I was organizing/cleaning out recipe box and found this I had not made for years.  It serves 4-5 and I live alone, but wanted to pass it on before I dumped.

SPICED GLAZED TURKEY BREAST ROAST

1 fresh turkey breast, about 3 pounds
1 each 12 ounce jar of Apricot {reserves
1 each 8 ounce bottle Russian Salad Dressing
1 each envelope Dry  Onion Soup Mix

Heat oven to 325.  Mix preserves, salad dressing, and soup mix in a small bowl.  Place turkey breast in a shallow baking pan and pour 1/3 of the mixture over the turkey.  Bake uncovered 40 minutes,  Pour another 1/3 of the glaze over the roast and bake until done (check cooking instructions on package) or thermometer 165-170 degree or approximately 30-45 minutes.  Warm remaining glaze and serve for dipping or refrigerate and use for other meals.


----------



## lyndalou (Jan 8, 2005)

Looks great! We love turkey, I've already printed this one.Thanks.


----------



## Audeo (Jan 8, 2005)

Hmmm....  That DOES look good!

Thank you, norgeskog!


----------



## norgeskog (Jan 8, 2005)

Audeo said:
			
		

> Hmmm....  That DOES look good!
> 
> Thank you, norgeskog!



My pleasure guys. There will be more as I am cleaning out my recipe index of notes, written ones and cut from newspapers.  I no longer use them but in hopes that someone here will, I will post.  I have always had compliments on this turkey breast.  A couple of times I prepared it on my farberware rotisserie, and it was great that way too.


----------



## Chief Longwind Of The North (Jan 8, 2005)

I love Russian Dressing, and Apricots.  The seasonings will cut the sweetness of the other two ingrediants.  This looks like something I'm going to have to try.  But I'll try it on a roasted chicken first.  Thanks.

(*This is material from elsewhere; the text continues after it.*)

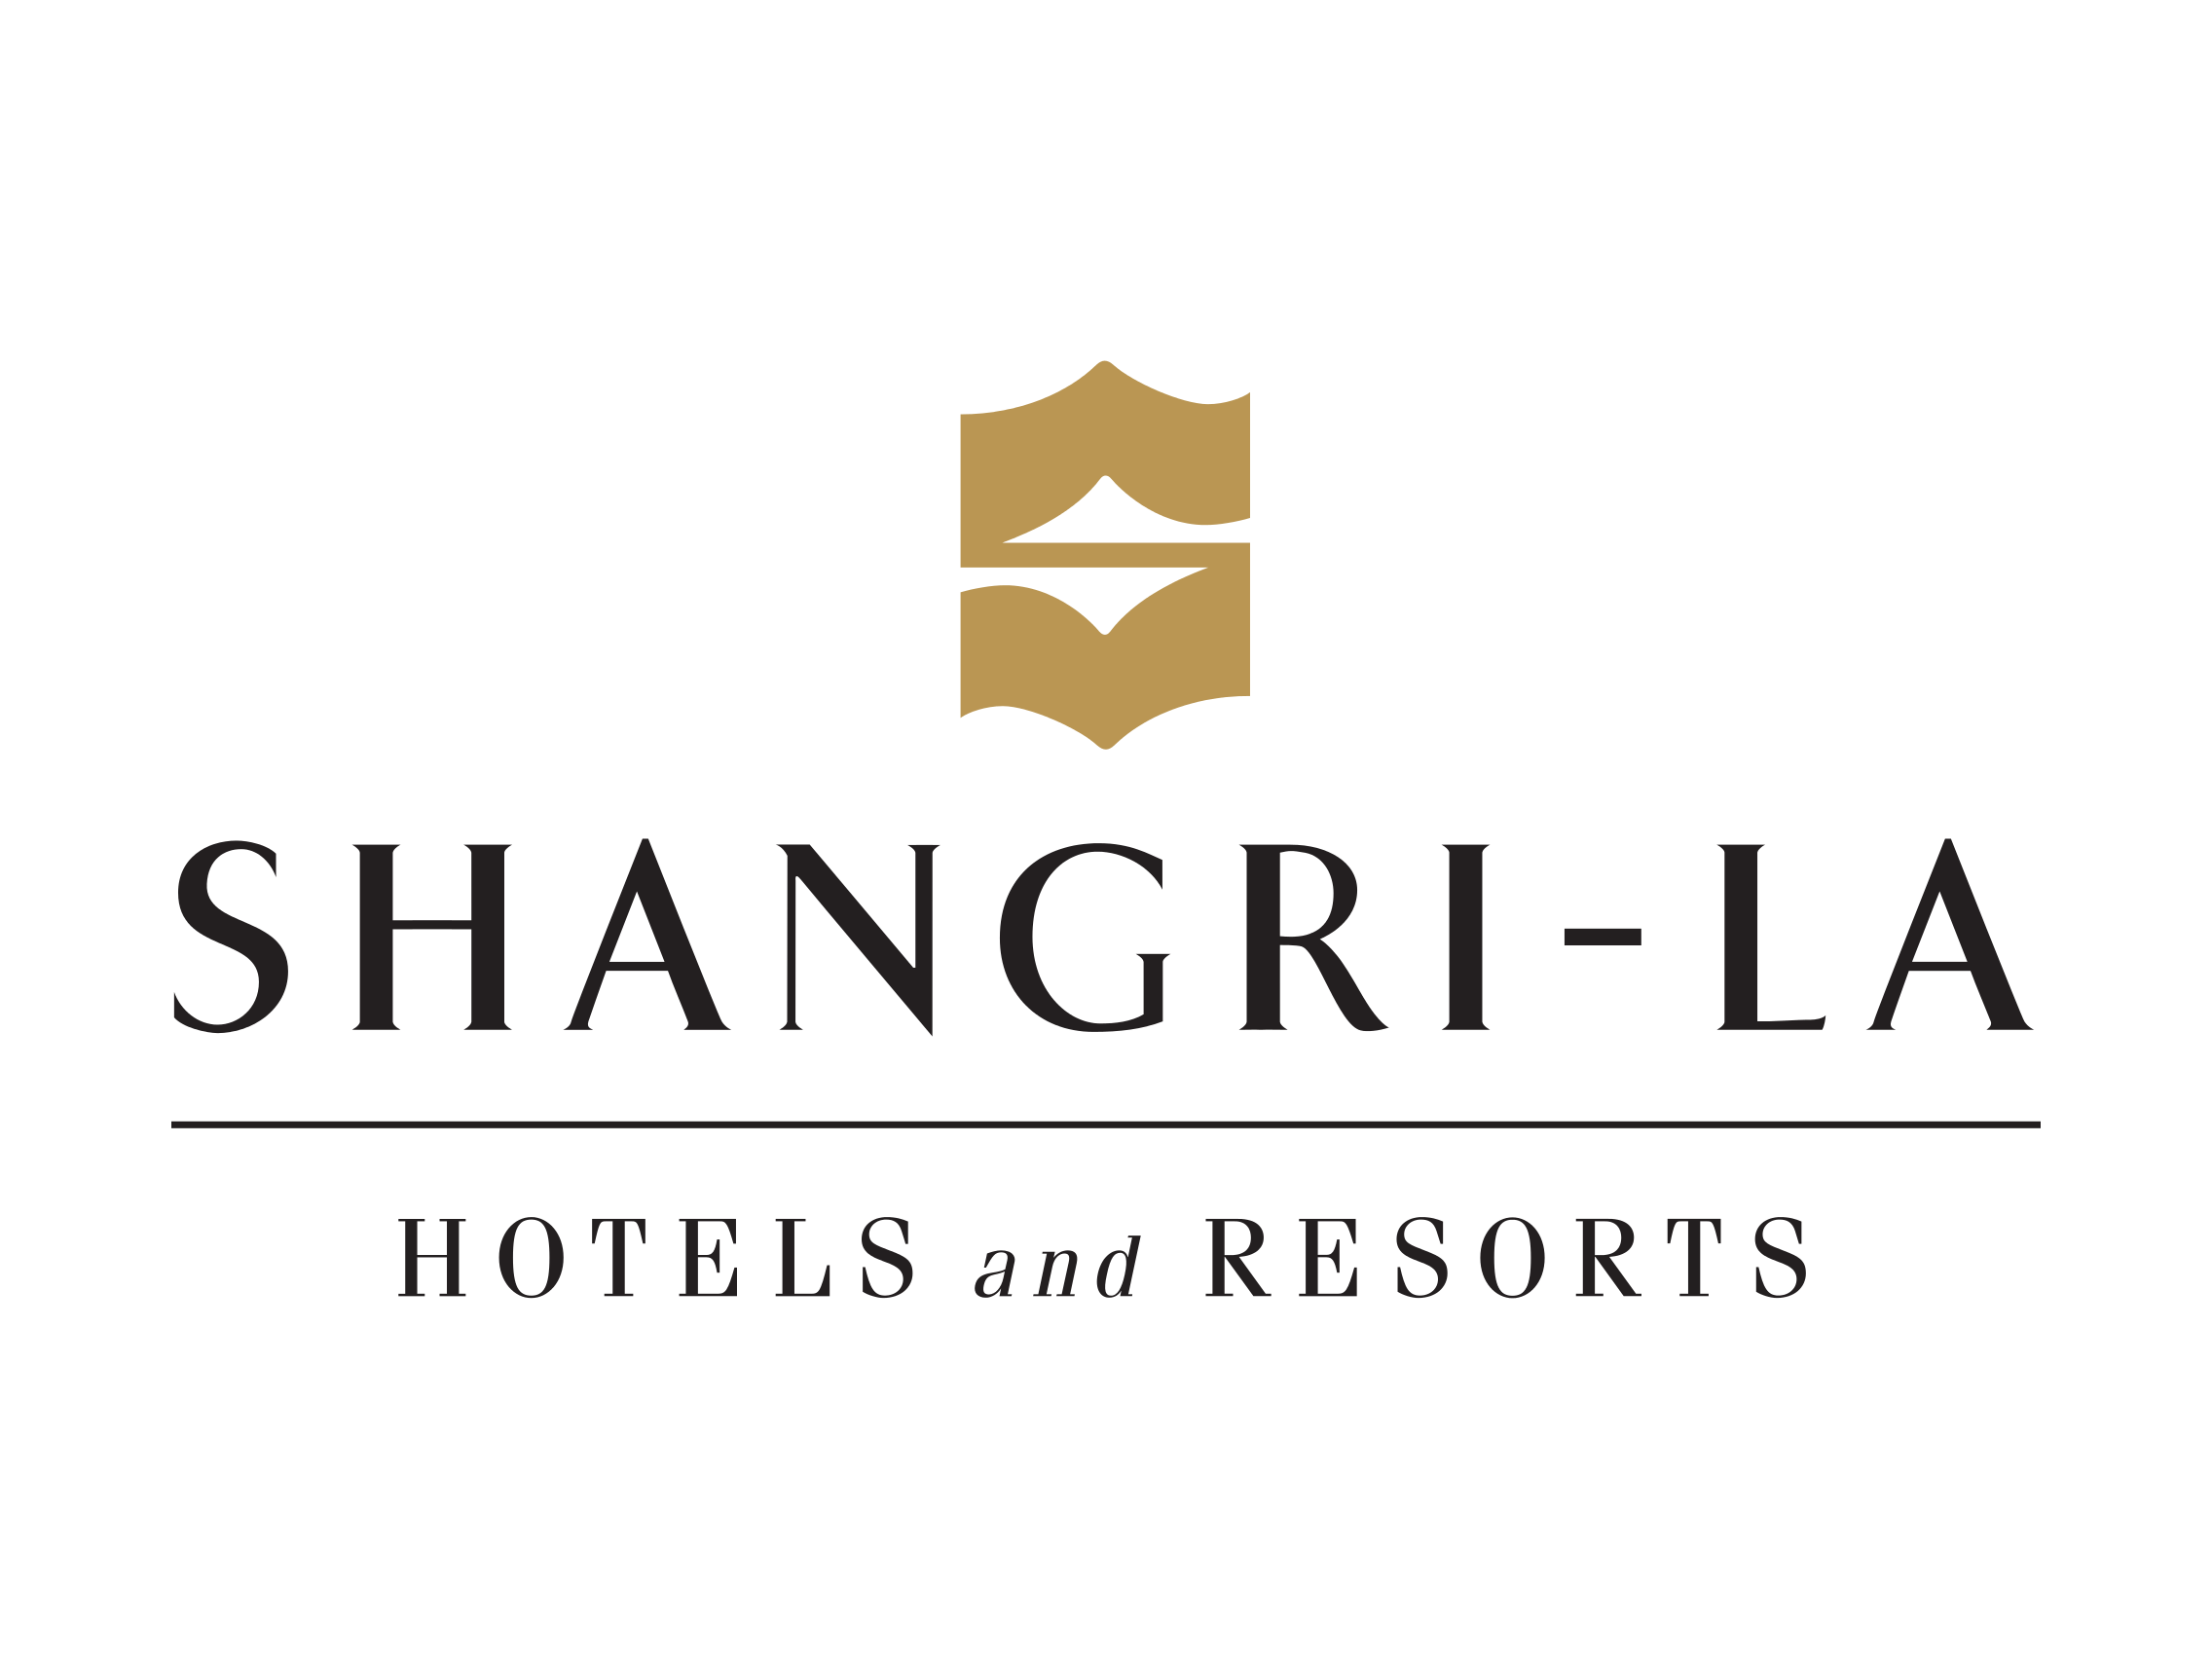 Hotel clipart hotel logo. Google search the logos

Seeeeeya; Goodweed of the North


----------



## lyndalou (Jan 9, 2005)

Norgeskog,
I meant to ask before, did you use a turkey breast half? Given the weight (3 lbs) I am guessing that's what it was.


----------



## norgeskog (Jan 9, 2005)

lyndalou said:
			
		

> Norgeskog,
> I meant to ask before, did you use a turkey breast half? Given the weight (3 lbs) I am guessing that's what it was.



Yes, lyndalou, I used a half breast, usually with the bone and sometimes without and it is about 3 lbs.  I have always received many compliments on this dish.  I have used apricot-pineapple jam as well.


----------



## lyndalou (Jan 10, 2005)

Thanks. I'm making it tomorrow night. Can't wait.


----------



## marmalady (Sep 2, 2005)

I use the same thing, only with cut up chicken - and I double the sauce ingredients, so you have enough to spoon over rice.


----------